An open-label multicentre controlled trial randomized in 3 parallel groups (1:1:1) to assess the one-year superiority of bio physical inductor (C02 laser, D0 and M6, group laser) compared to the standard treatment currently recommended (Mucogyne, 2 times a week for one year, control group) in the one hand, and of chemical bio inductor (Desirial, injection of 1 mL of hyaluronic acid in the first 3 cm of the vaginal walls, D0 and M6, HA injection group) compared to the control group in the other hand in BC survivors with VVA, with blinded primary endpoint assessment. The use of these innovative treatments (lasers and injections) for Vulvovaginal atrophy based on the bio induction and the regenerative medicine could improve the quality of the vaginal mucosa after breast cancer therapy and could be a new strategy for these women who cannot benefit from Hormone Replacement Therapy (HRT). The benefits expected are the improvement of the quality of vulvo-vaginal mucosa and the improvement of the sexual quality of life of the patient.
Study Type
INTERVENTIONAL
Allocation
RANDOMIZED
Purpose
TREATMENT
Masking
SINGLE
Enrollment
330
Vaginal gel based on HA with liposomal structure applicated 2 times a week
The laser energy delivered along the vaginal wall heats the tissue without damaging it.
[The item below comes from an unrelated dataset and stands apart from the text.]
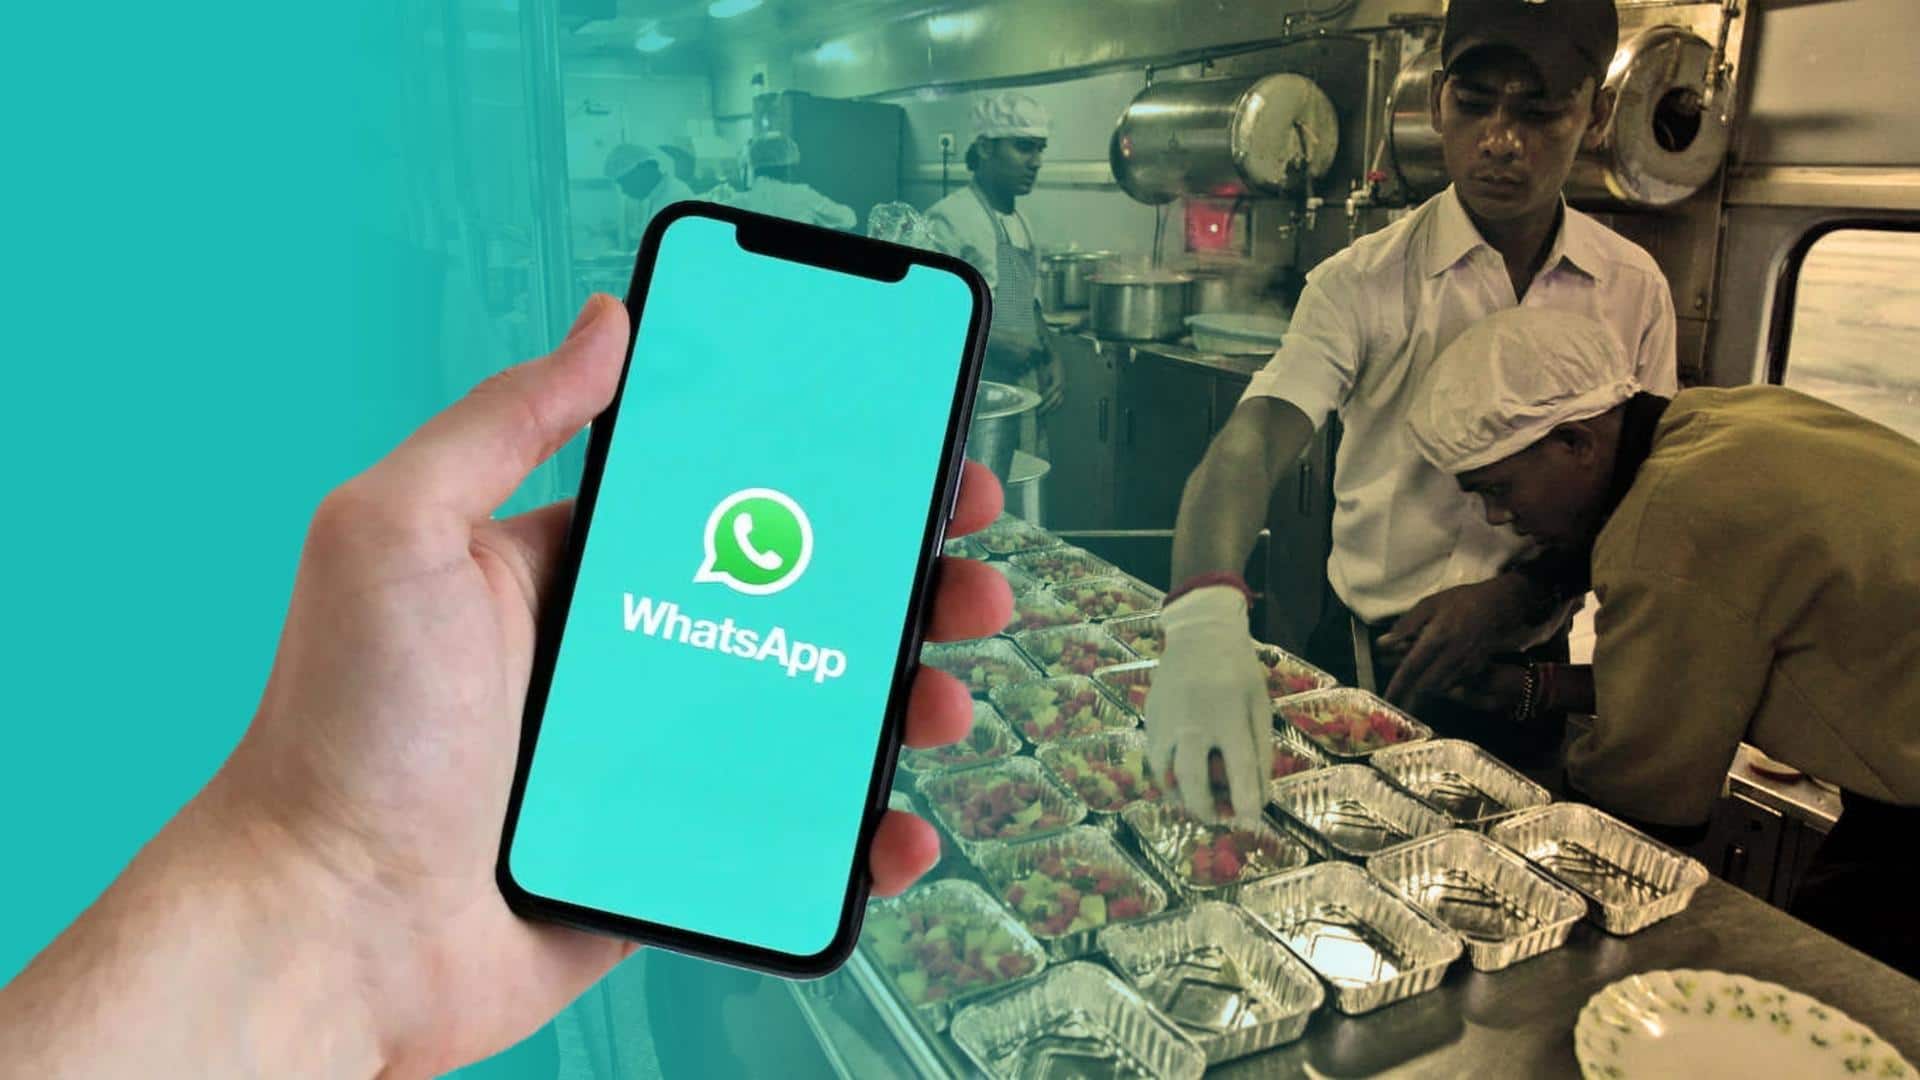 You can now order food on trains through WhatsApp

HA injection performed under the mucosae (2-3mm in depth) following one injection point every 5mm on the 3 first cm of the vagina and on the posterior part of the introitus.
Henri-Mondor Hospital
Créteil, France
RECRUITINGRate of women free from vulvo-vaginal atrophy on the basis of a vaginal health index (VHI) ≥ 15.
Time frame: at 12 months
Comparisons among groups of VHI score (absolute and relative changes in the VHI)
Time frame: Day 0 to 12 months
Female Sexual Distress (FSD) SCALE
Time frame: Day 0 to 12 months
Evaluation of the pain during treatment (Visual Analogue Scale (EVA))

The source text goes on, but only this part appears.